[REQUEST] what‘s the difference of pipeline Parallelism between deepspeed and megatron?
what‘s the difference of pipeline Parallelism between deepspeed and megatron?
They are mostly identical. The megatron implementation is tightly wedded to Megatron-LM, so you cannot use it elsewhere easily. DS's implementation is modular, so you could parallelize other workloads outside of Megatron-DeepSpeed as well.
One difference is that Megatron offers another optimization called 'interleaved/virtual pipelining' which can be enabled by using this argument - https://github.com/NVIDIA/Megatron-LM/blob/main/megatron/arguments.py#L1097.

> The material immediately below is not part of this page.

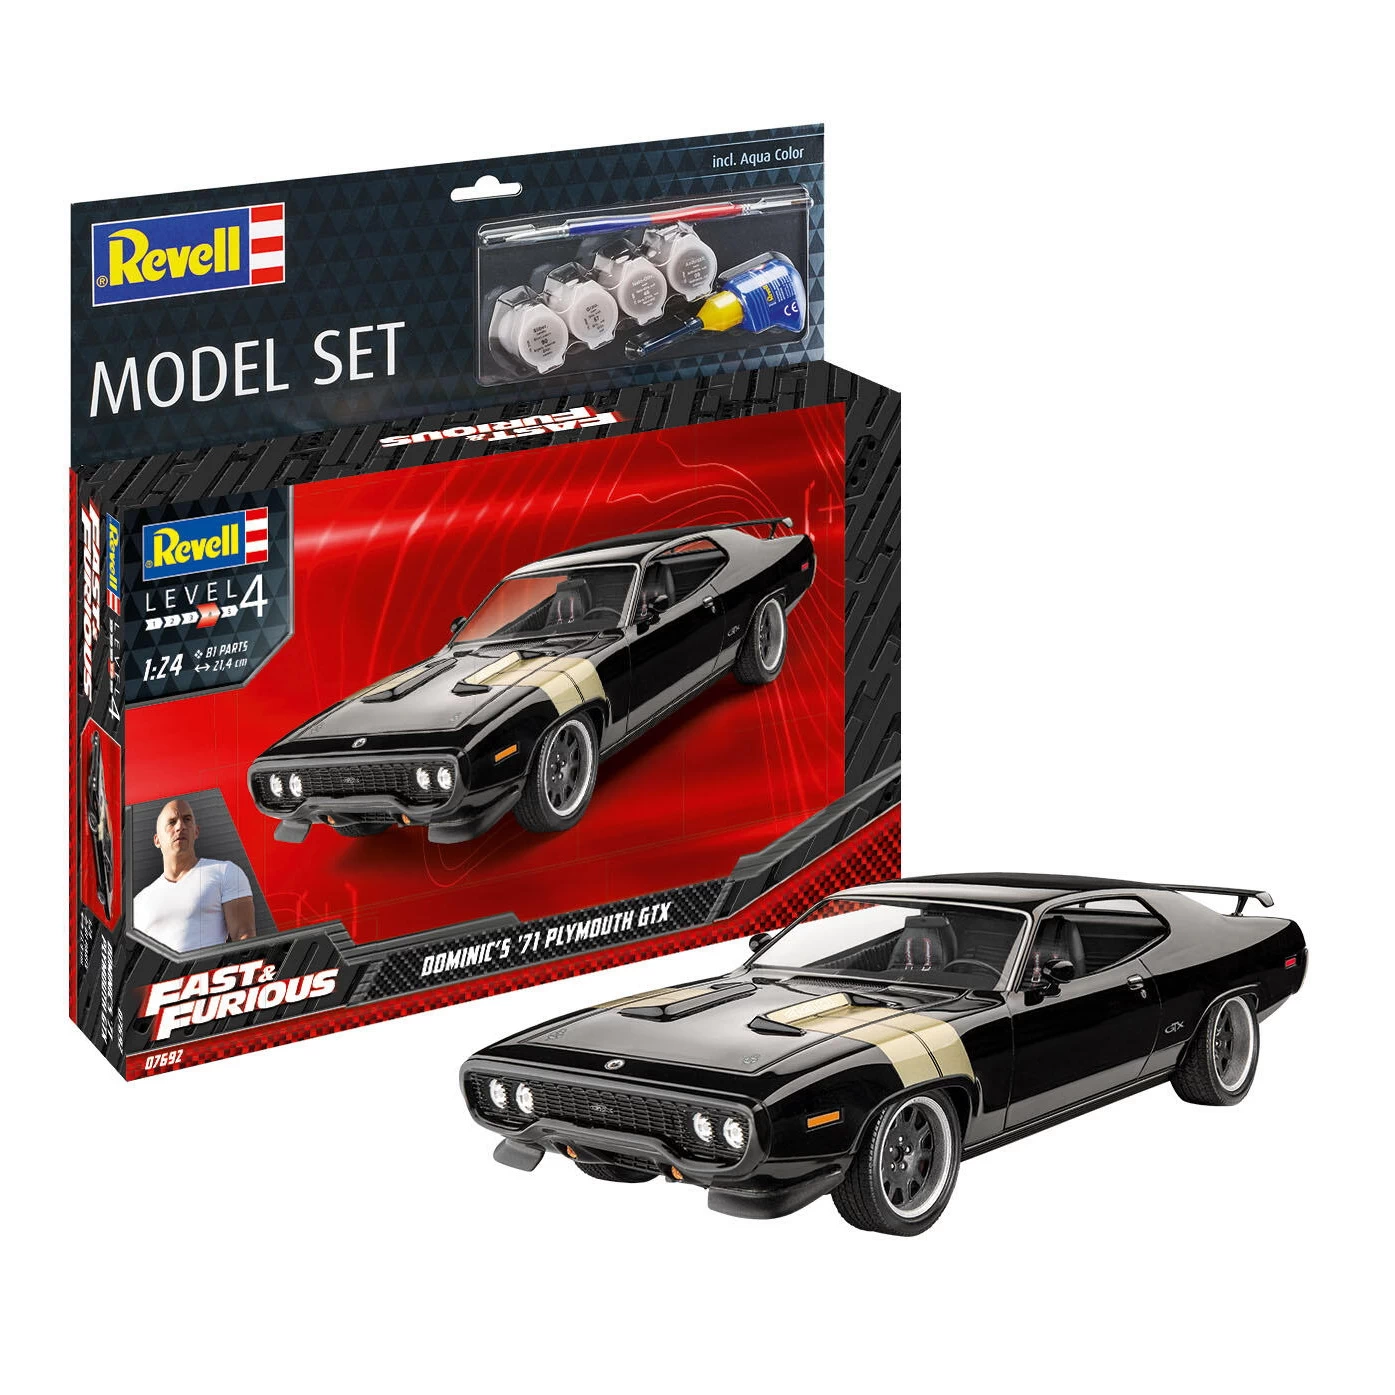 Revell 67692 - Model Set Fast & Furious - Dominics 1971 Plymouth GTX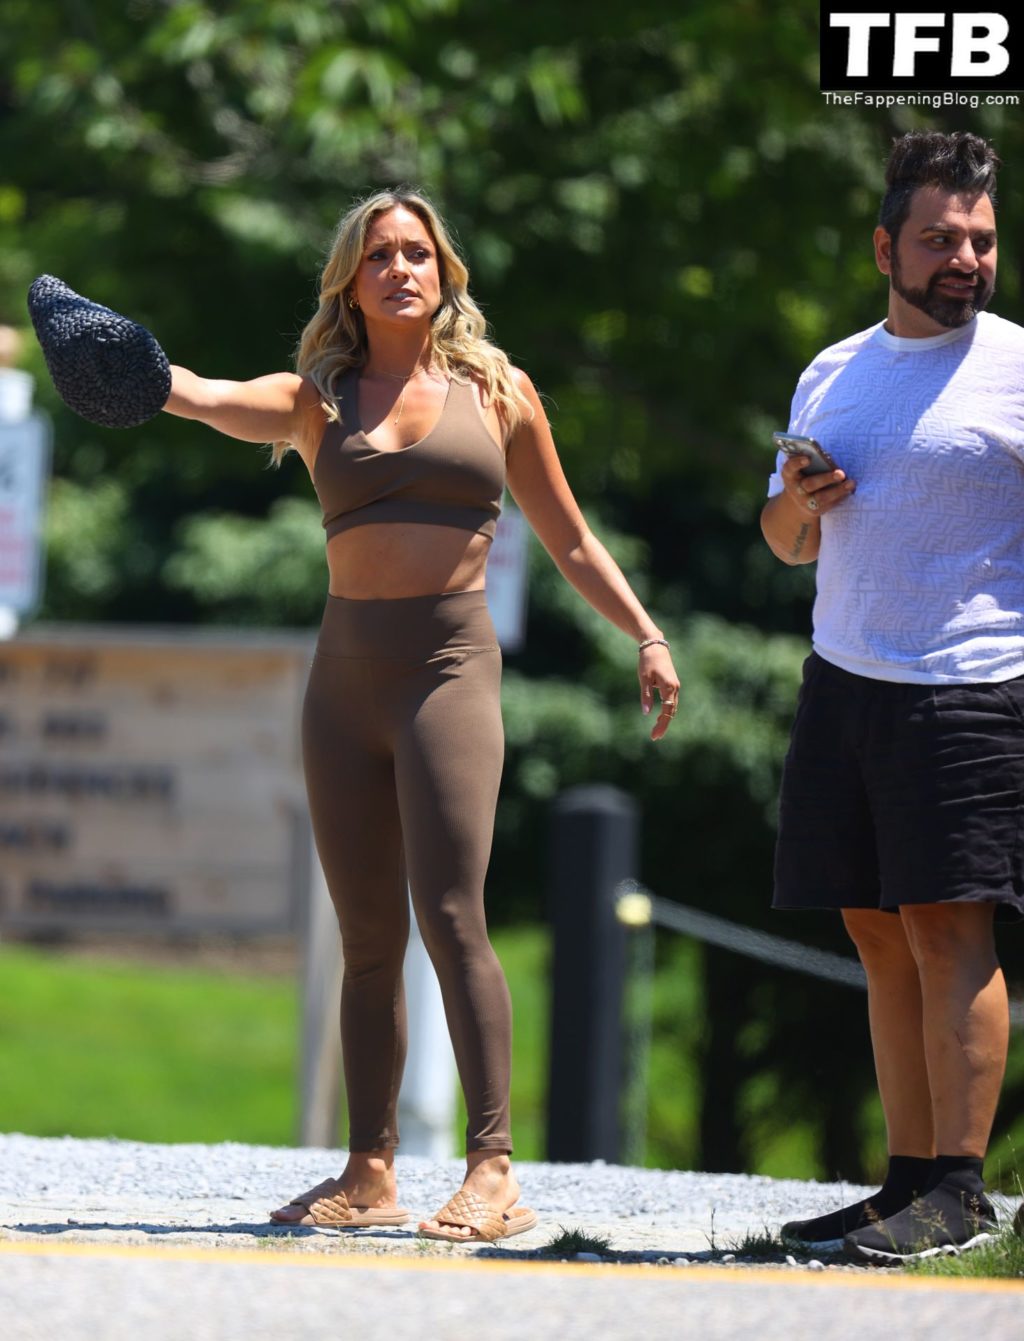 Kristin Cavallari Sexy The Fappening Blog 25 1 1024x1341 - Kristin Cavallari Shows Off Her Abs While Wearing a Brown Athleisure Outfit in East Hampton (47 Photos)

@siddharth9820 thanks for your reply,I have another question about the code,
if not fp16_master_weights_and_gradients: self.single_partition_of_fp32_groups.append(self.parallel_partitioned_bit16_groups[i][partition_id].to( self.device).clone().float().detach()) else: self.single_partition_of_fp32_groups.append(self.parallel_partitioned_bit16_groups[i][partition_id].to( self.device).clone().half().detach()) self.single_partition_of_fp32_groups[ i].requires_grad = True # keep this in case internal optimizer uses it
single_partition_of_fp32_groups is detached ,
and then set single_partition_of_fp32_groups grad enable,
I feel confused about the code , why the tensor is detached ,and set grad enable again?